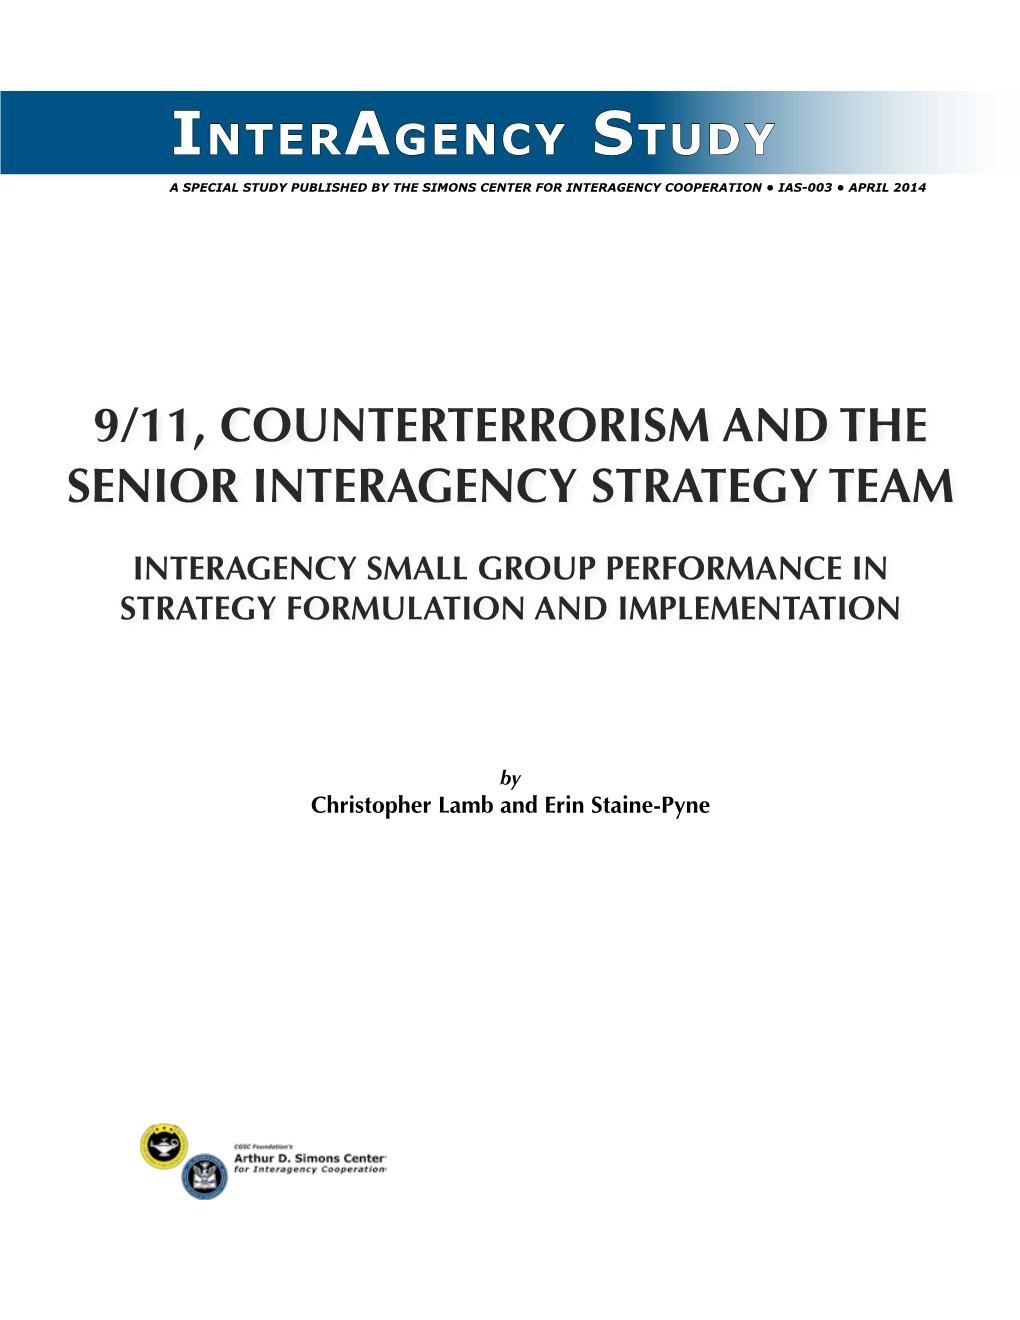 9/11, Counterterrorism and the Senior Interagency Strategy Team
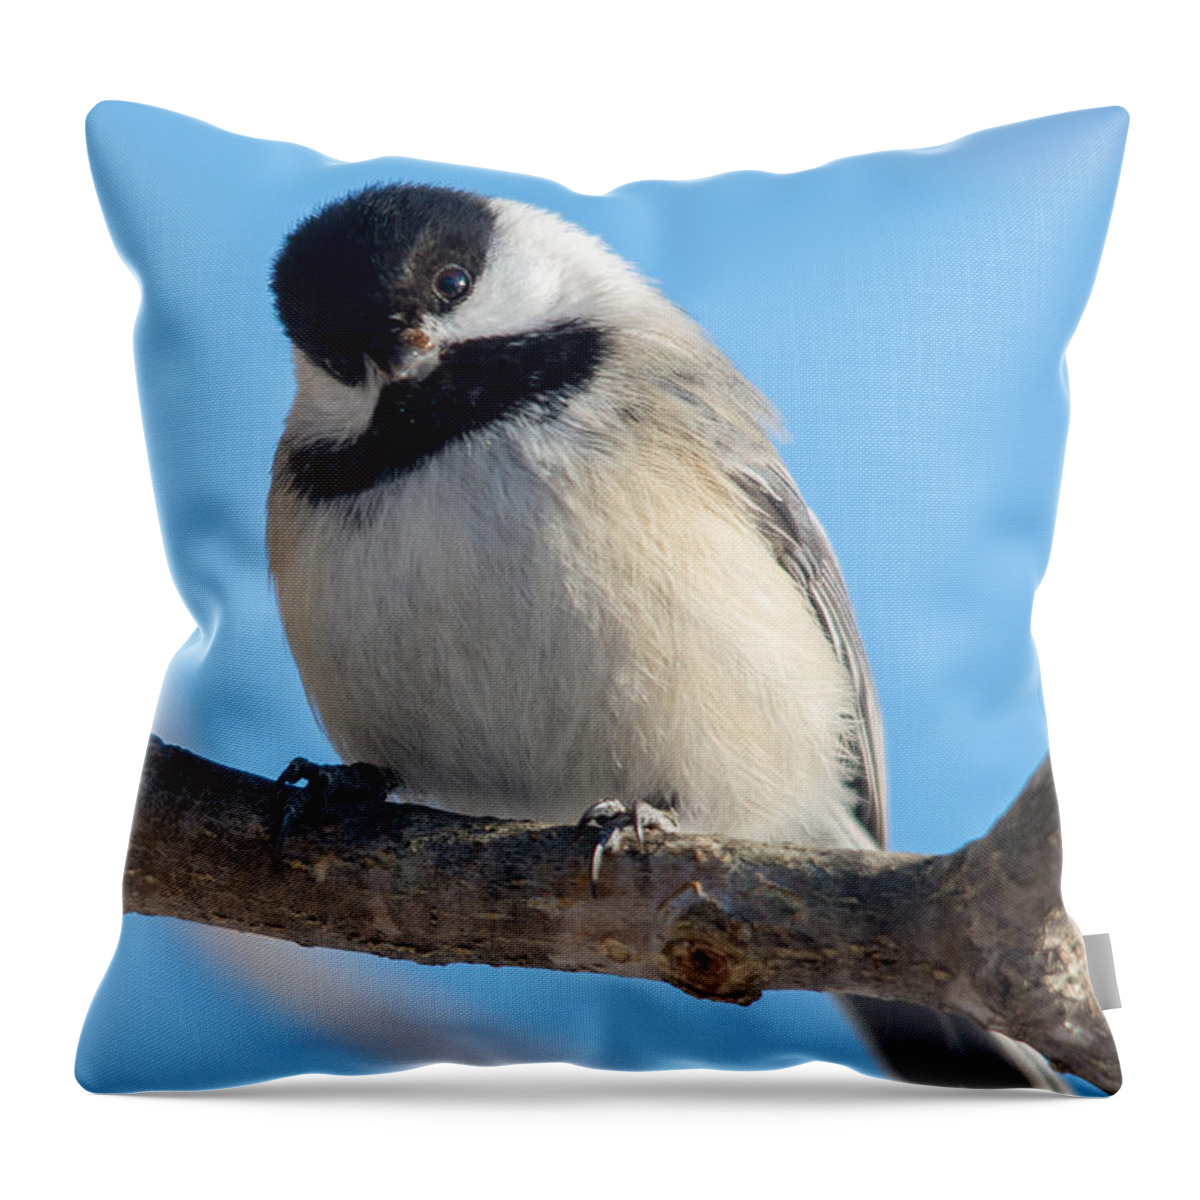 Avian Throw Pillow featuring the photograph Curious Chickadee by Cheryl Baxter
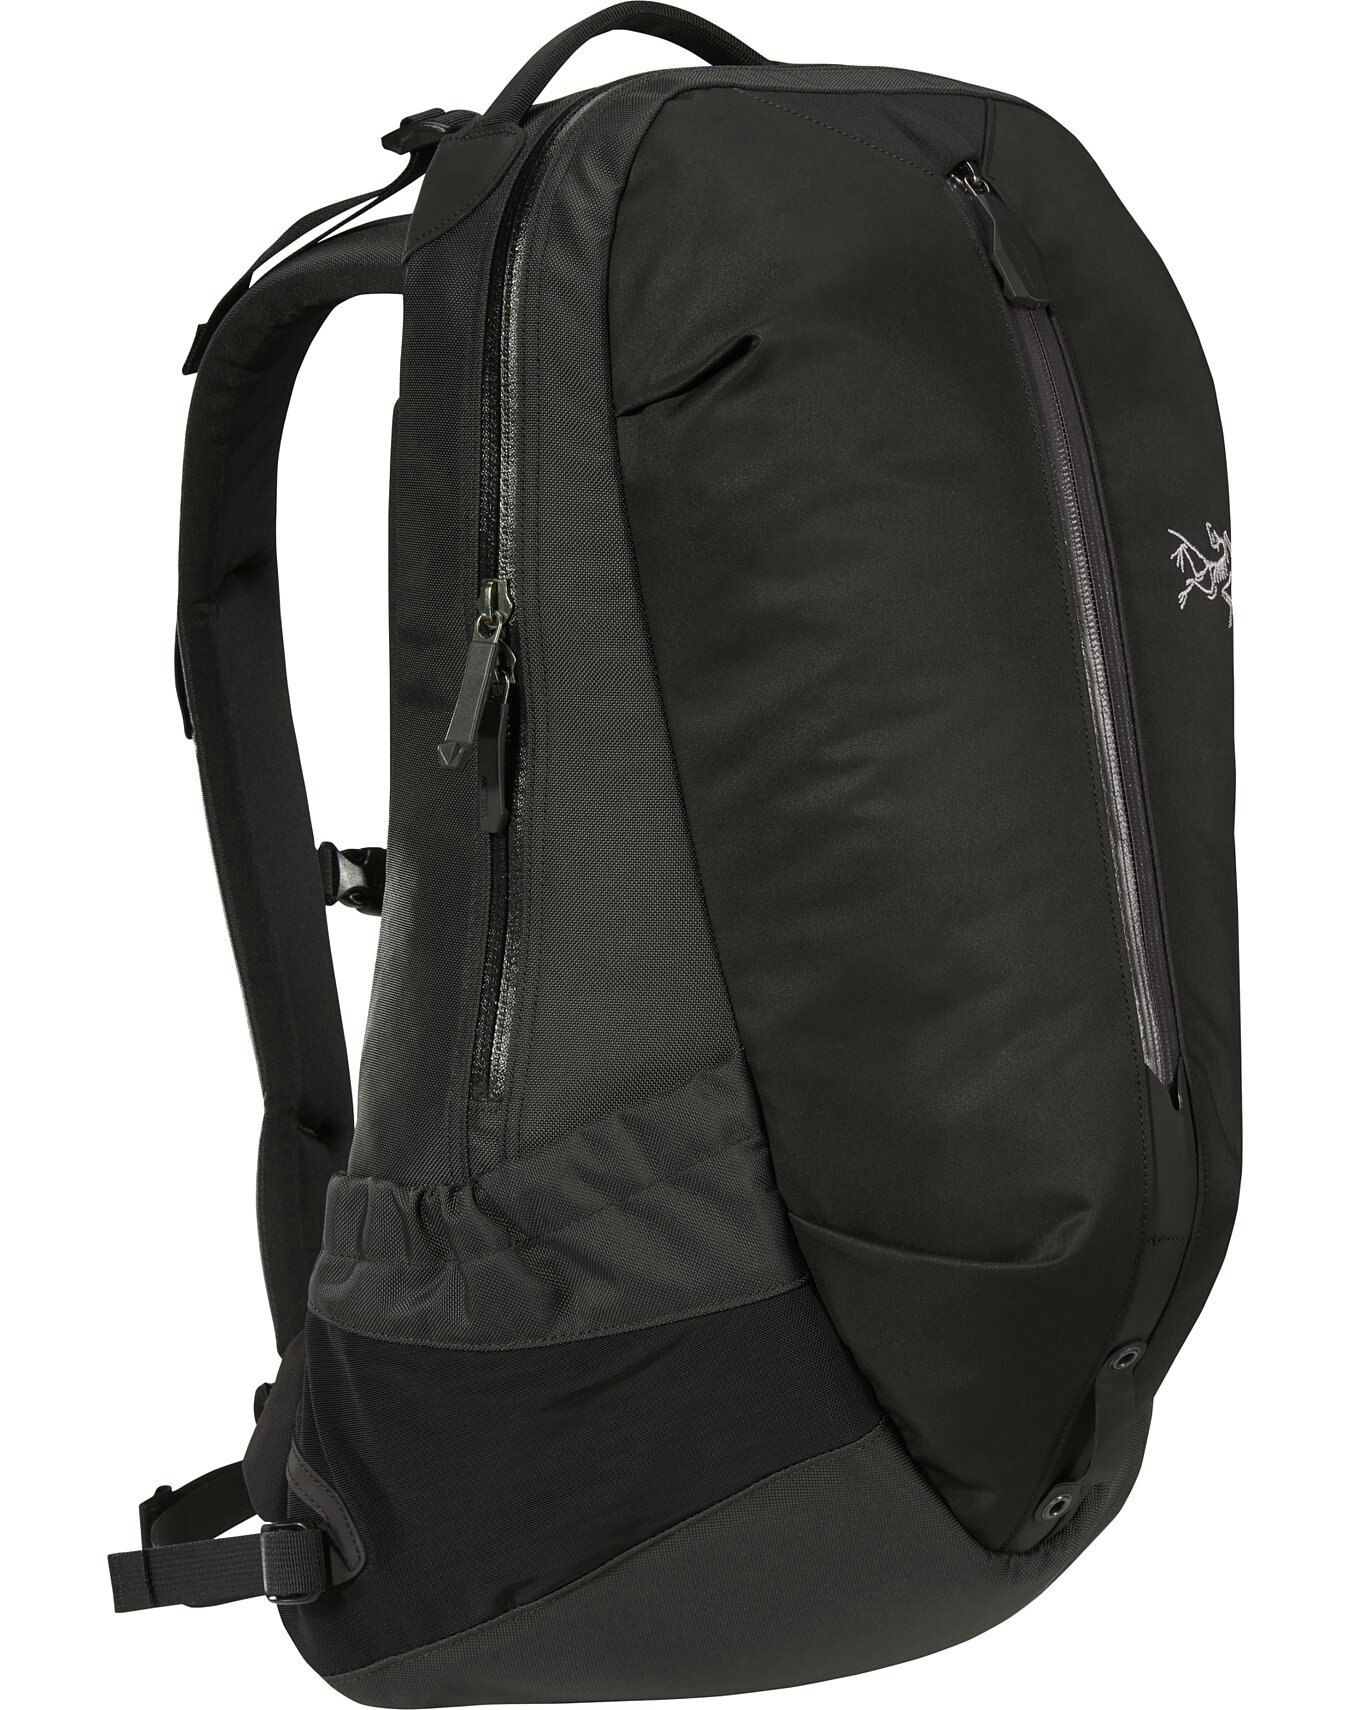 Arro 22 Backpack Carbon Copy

------------------------------------------------------------

• What is expected
Please set down each line of the listing above word for word, skipping any pictures.

• Response box
 9/11, Counterterrorism and the Senior Interagency Strategy Team
 Avian Throw Pillow featuring the photograph Curious Chickadee by Cheryl Baxter
 Arro 22 Backpack Carbon Copy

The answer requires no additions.